WHAT YOU WILL DO
Copy nothing from the entries below except the lines from the one containing "a683665b3 KiVita MoYo" through the one containing "HEAD CASE plastový", and copy those exactly.

SUPPLIED INFORMATION

■ ■ ■ ■ ■ ■ ■

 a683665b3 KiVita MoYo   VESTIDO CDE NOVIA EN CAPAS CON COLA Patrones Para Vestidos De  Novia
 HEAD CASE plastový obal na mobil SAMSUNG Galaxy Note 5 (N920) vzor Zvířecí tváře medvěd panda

■ ■ ■ ■ ■ ■ ■

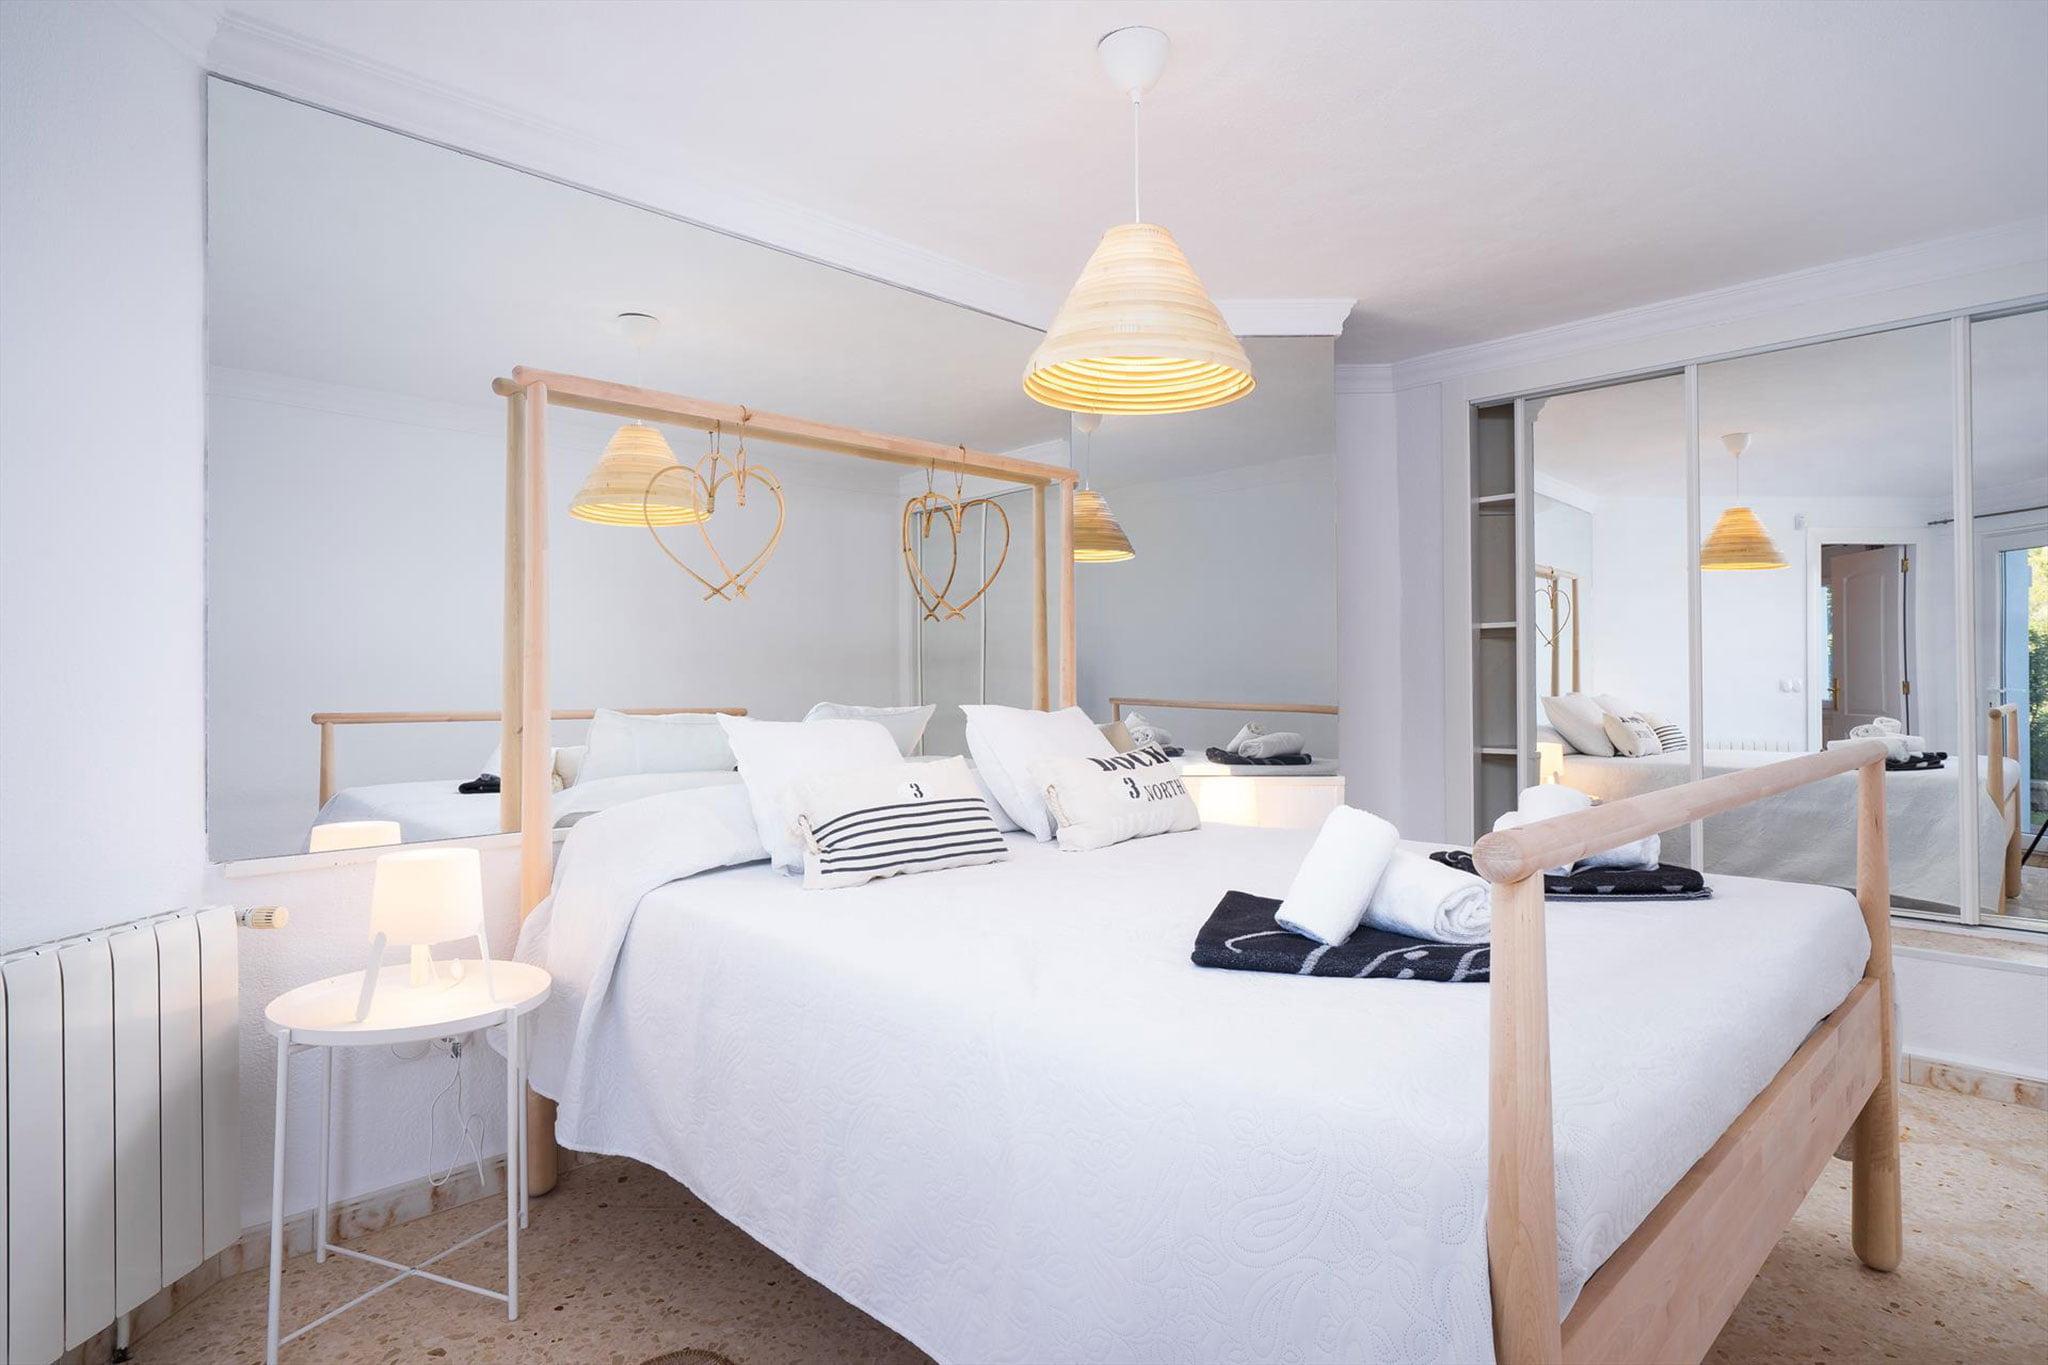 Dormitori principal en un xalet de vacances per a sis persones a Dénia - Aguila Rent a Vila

■ ■ ■ ■ ■ ■ ■

RESULT OF THE EXERCISE
 a683665b3 KiVita MoYo   VESTIDO CDE NOVIA EN CAPAS CON COLA Patrones Para Vestidos De  Novia
 HEAD CASE plastový obal na mobil SAMSUNG Galaxy Note 5 (N920) vzor Zvířecí tváře medvěd panda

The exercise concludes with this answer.